🤖 AI Summary
This work addresses the challenge of effectively leveraging abundant source-domain data to train generalizable robotic policies when only a limited number of target-domain demonstrations are available. The authors propose a discrepancy-aware importance reweighting co-training method that jointly learns a diffusion-based visuomotor policy and sample-level weights for source-domain data. This approach implicitly aligns cross-domain features without requiring explicit alignment, while enabling balanced utilization of multiple source domains and scalable adaptation to high-dimensional sequential policies. Experimental results demonstrate that the proposed method significantly outperforms baselines—including those using only target data, fixed-ratio source–target mixing, or explicit feature alignment—across simulation-to-simulation, simulation-to-real, and multi-source manipulation tasks, achieving markedly improved policy robustness and data efficiency.
📝 Abstract
We introduce BEACON--Best-Effort Adaptation for Cross-Domain Co-Training--a theory-driven framework for training generative robot policies with abundant source demonstrations and limited target demonstrations. BEACON casts cross-domain co-training as a discrepancy-aware importance-reweighting problem, jointly learning a diffusion-based visuomotor policy and per-sample source weights that minimize an objective informed by target-domain generalization guarantees.

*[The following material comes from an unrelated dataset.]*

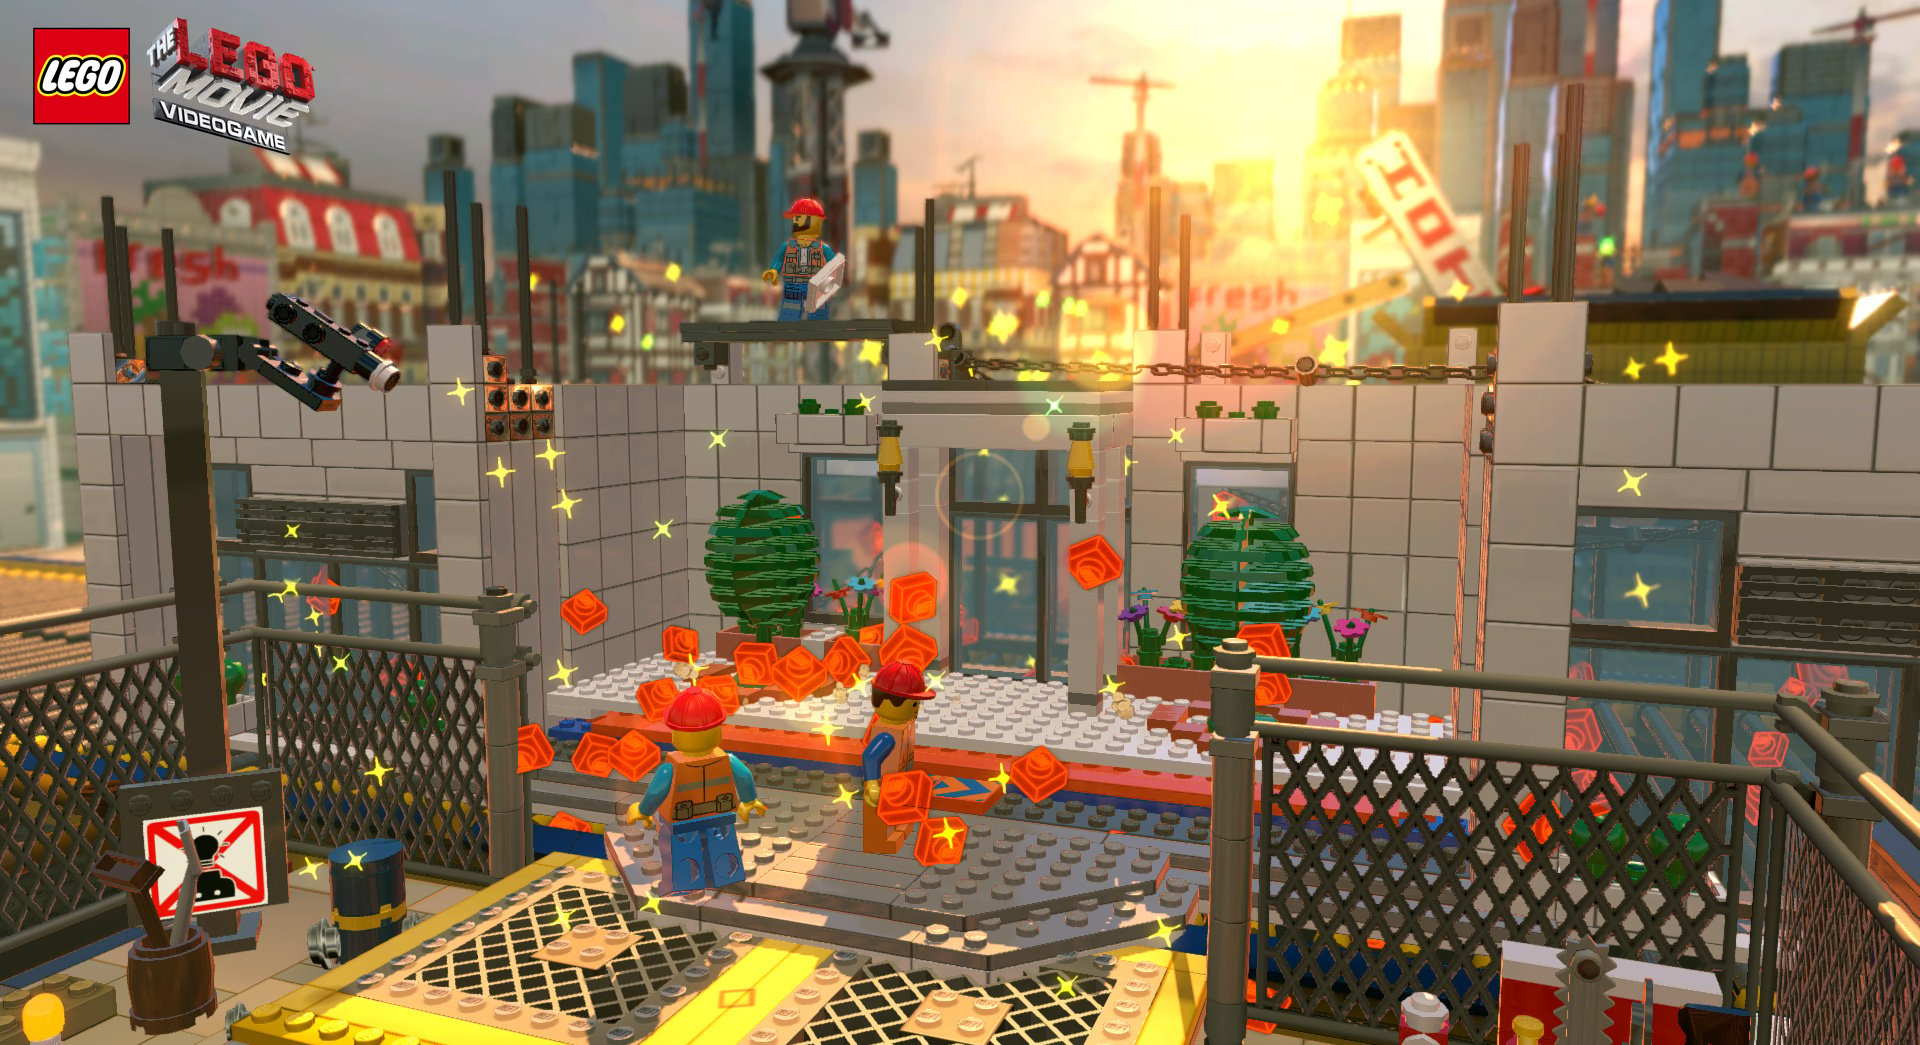 The LEGO Movie Videogame (PS3 / PlayStation 3) Game Profile | News

To make best-effort adaptation practical for high-dimensional sequence policies, we develop scalable instance-level discrepancy estimators, stochastic alternating updates for policy and weights, and a multi-source extension that balances heterogeneous source domains. Across sim-to-sim, sim-to-real, and multi-source manipulation settings, BEACON improves robustness and data efficiency over target-only, fixed-ratio co-training, and feature-alignment baselines. Importantly, even without an explicit alignment objective, BEACON achieves feature alignment as an implicit result of discrepancy-aware cross-domain co-training.